In just three trading sessions, we saw one of the most significant drawdowns in the energy space in recent memory, with the iShares S&P/TSX Capped Energy Index dropping 10.6%. Markets went into ‘fear, uncertainty, and doubt’ (FUD) mode off the back of Silicon Valley Bank (SVB) and Signature Bank insolvencies leading to potential broad contagion risks and an increased probability of a hard-landing scenario.
The energy sector was hit hard. This isn’t completely unexpected because historically in every recession, oil drops from its highs with demand falling. Markets often trade off history.
- The real economy is still chugging along, and most people continue to work business as usual.
- While energy demand will fall in any recession, it’s important to consider the potential recovery and how quickly that demand will return.
- The energy recovery path has a much more similar setup to the speedier 2000 Tech Bubble rather than the drawn-out recovery of the 2008 Global Financial Crisis.
So, where does energy go from here?
During down days like these in energy, it’s always a good reminder that the real economy is different than the financial economy, but they are connected. In the short term, given the violent drop in the space, the market is over-emphasizing the financial piece of the story and overlooking the fundamentals in the real economy regarding energy supply and demand. The truth is probably somewhere in the middle.
Google keyword search trend for “contagion” in the US
The financial economy is likely tightening…for now. This is not necessarily because a couple of regional banks, an order of magnitude smaller than the top banks, went under. Still, in the short term, the more capitalized banks will likely be more careful until the storm blows over. That said, we are seeing significant deposit inflows to the top dogs (the top five banks own half of banking sector assets).
The long-term ramifications of the Fed backstopping deposits are still unclear. Can the banks stop managing interest rate liabilities in the long run with more sought-after long-term treasuries, causing interest rate risk to become a thing of the past? If that’s the case, it would be highly stimulative in the long run, and in light of Powell’s rate hikes, it feels like they’re simultaneously stepping on the gas and brakes.
Energy demand impact today
The real economy is still chugging along. Inflation remains high, but the unemployment rate remains low, and wage gains are keeping up with inflation. That is not to say there is no headwind to the economy with the wave of job cuts in the tech sector that happened long before SVB/Signature went bust. With many startups and VCs relying on these lenders for growth/payrolls, we will likely see more entrenchment in the space. Still, it will be a continuation of the same theme rather than a new systematic risk posed to the broader economy.

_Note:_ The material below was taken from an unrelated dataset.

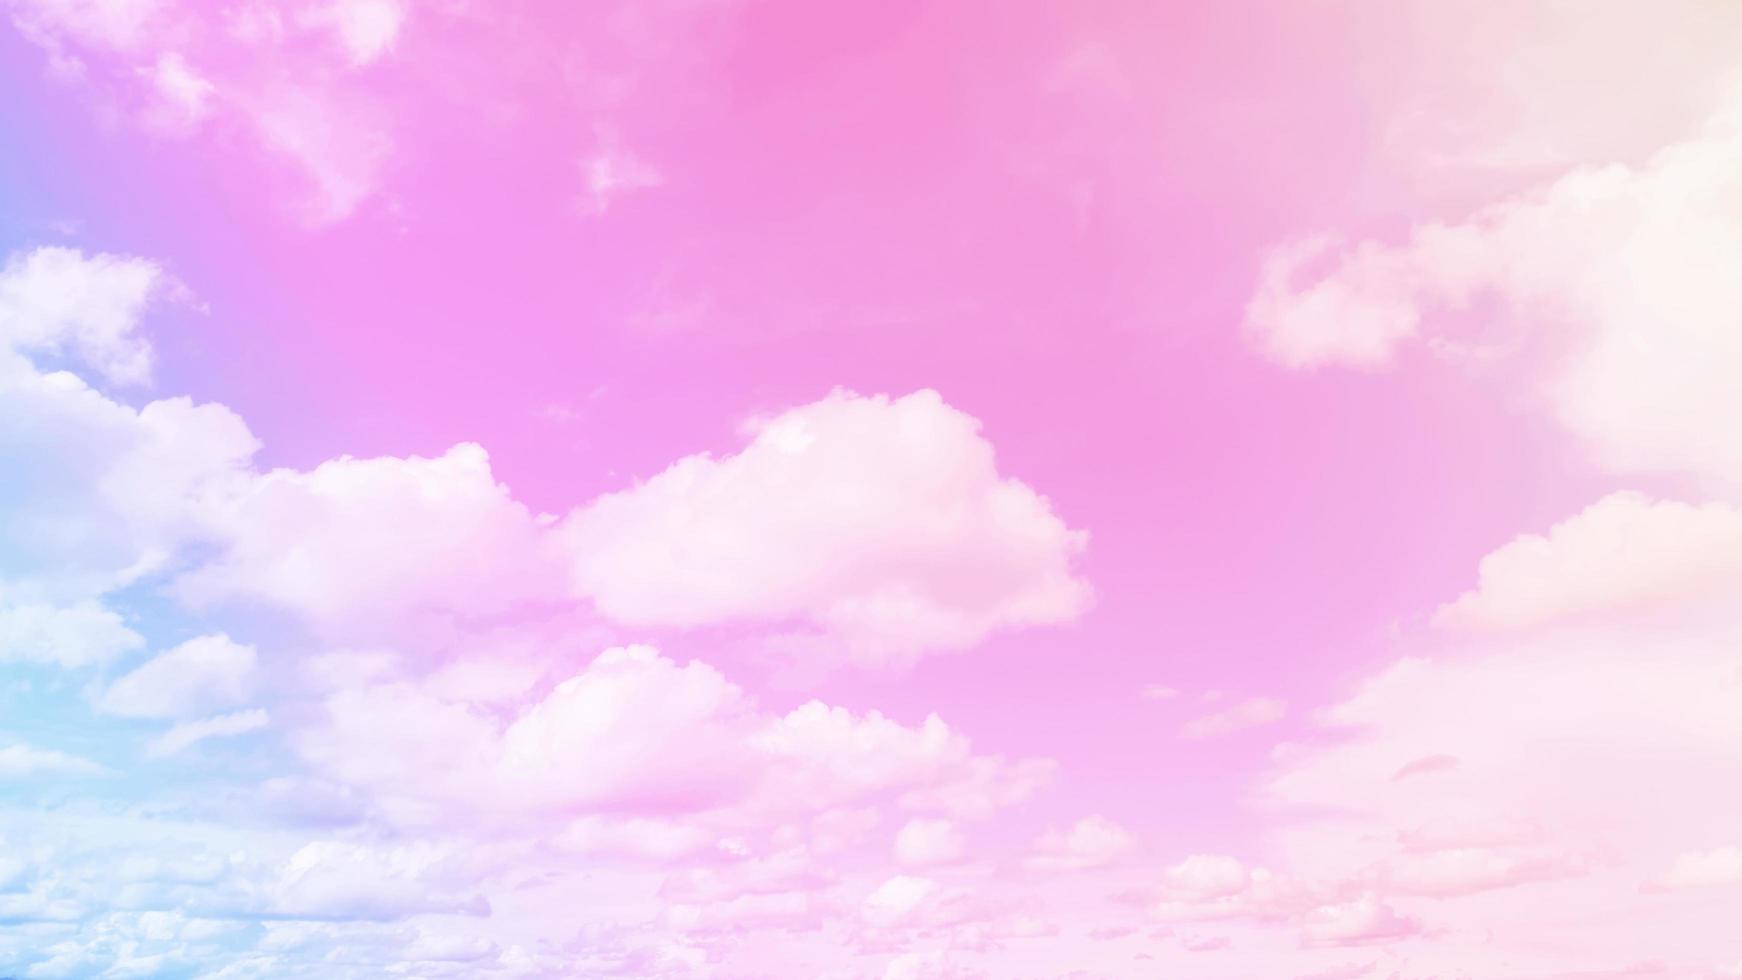 Sky and clouds in beautiful pink pastel background. Abstract sweet dreamy colored sky background and romantic photo

In terms of the boots-on-the-ground energy demand impact today, the reality is that most people will continue to work business as usual. Spending patterns for most Americans probably haven’t changed because a California bank servicing wealthy people with high net worth went bust. The regional banks at the center of the contagion risk discussions have the majority of depositors under the FDIC-insured limit of $250k. So, prior to the fed deposit backstop, a run on the bank was already fairly low.

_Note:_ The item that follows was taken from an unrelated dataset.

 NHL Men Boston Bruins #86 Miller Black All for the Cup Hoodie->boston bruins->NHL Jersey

Future energy demand impact – possible scenarios
To get an indication of what could happen in light of the Fed’s response, we took a look at a couple of past recessions and how oil performed as a barometer and saw three scenarios:
1. 1990 Gulf War
The Fed held rates before the embargo and cut throughout the crisis. Peak-to-trough, over a 50% decline in price with no noticeable rebound for the year after. Some people think the price drop was due to the Strategic Petroleum Reserve release, but this is incorrect, as the release started in February 1991. Demand did come off globally as energy prices were simply too high to be absorbed by consumers.
2. 2000 Tech Bubble
The Fed raised rates before the peak and aggressively cut into the crisis. We also saw a drop in oil prices to a tune of 40% as demand did come off. What’s interesting here is that demand quickly returned, with oil returning to more normalized prices shortly after.

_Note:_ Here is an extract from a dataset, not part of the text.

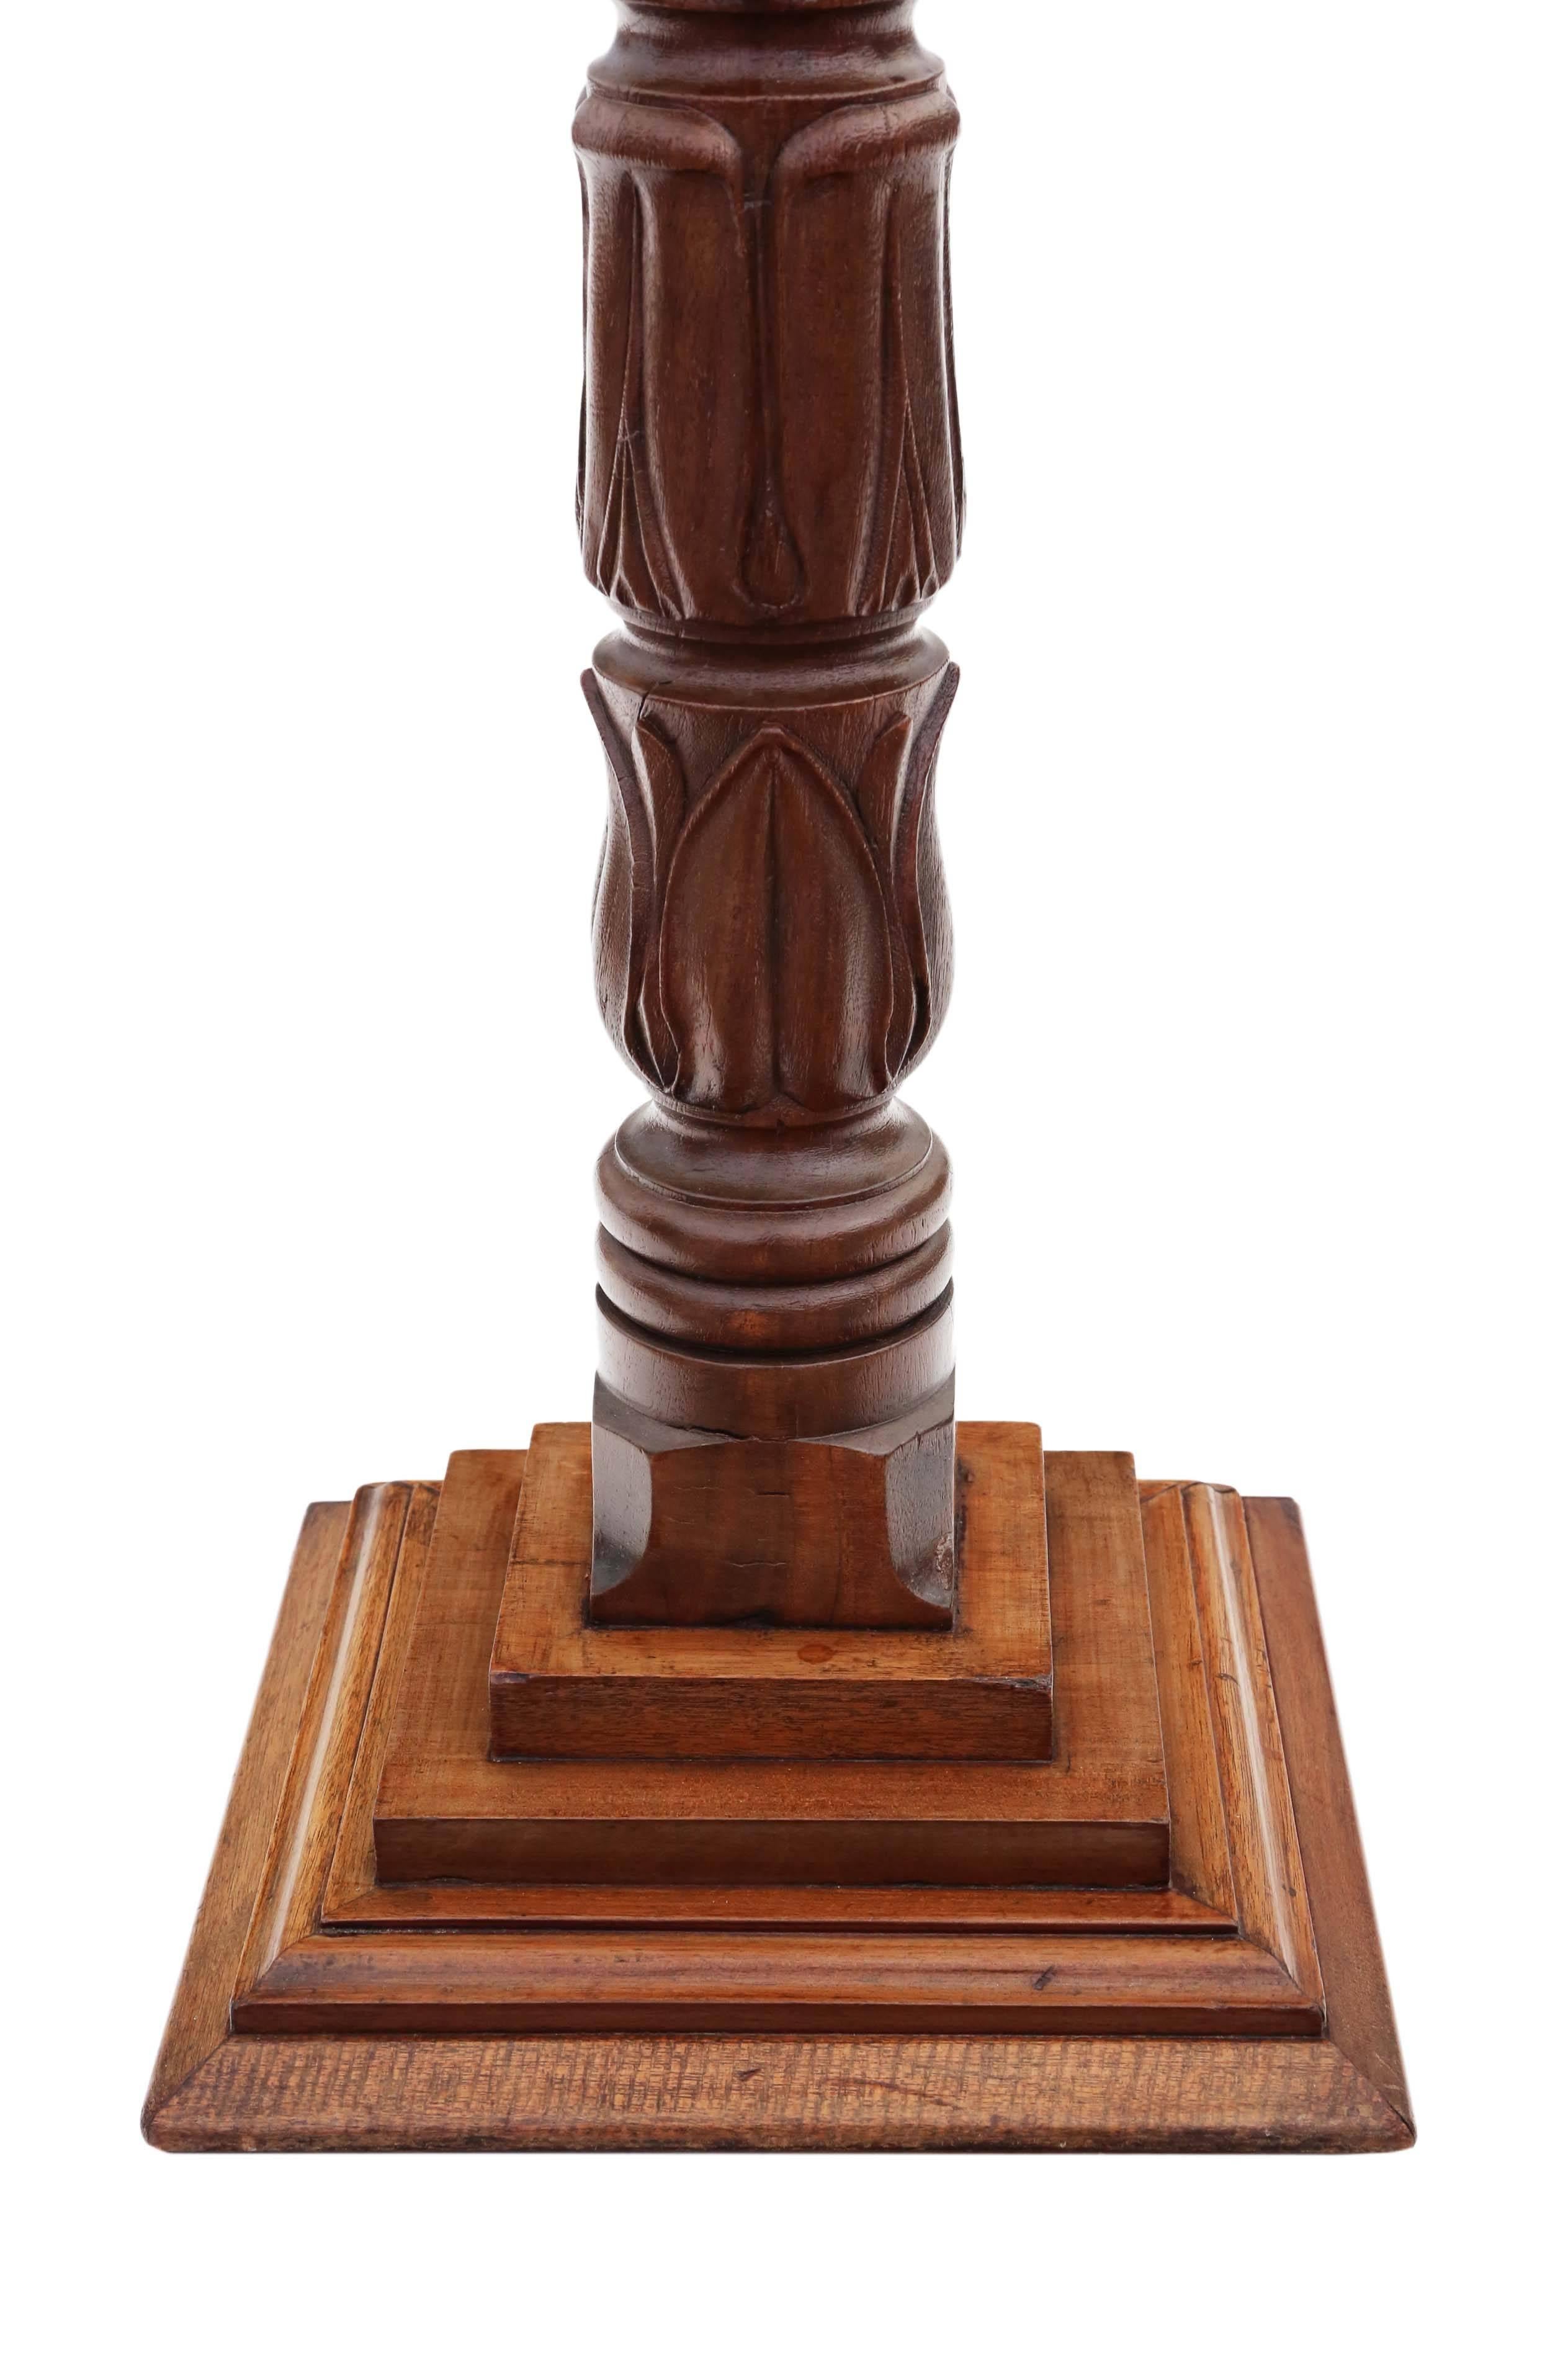 Early 20th Century Antique Victorian Mahogany Torchiere Jardiniere Stand Pedestal Plant Table For Sale

3. 2008 Global Financial Crisis
The mother of all recessions, as some would say, the Fed was holding prior before cutting through the crisis. Peak-to-trough, oil declined over 70%, with price at a fraction of the peak 1+ year later. What was interesting about this crisis was that Hurricane Ike hit the Gulf in September of 2008 and knocked out 1.2 million barrels a day of supply for a month. It took another two months to recover, so this was a setup where we also lost supply, AND we still saw the massive drop in pricing.
The Bottom Line
There is no doubt that energy demand will fall in any recession. Period. The question is which ending we will get coming out of the recession. Given the market drawdowns in light of recent events, the market is trading energy like we’re going into scenario 3, the global financial crisis.
However, as we see a booming tech startup sector and VCs have liquidity issues, along with Fed rate hikes going into a recession, scenario 2, the tech bubble, has a much more similar setup, with implied Fed futures pricing in lower rates through 2023/2024. Brent pricing today is already 40% off its highs from the peak in 2022.
If the contagion stays within a small segment of the tech sector, and the broader economy continues to chug along, then the energy sector has some compelling upside, given recent weakness. This could be a buying opportunity.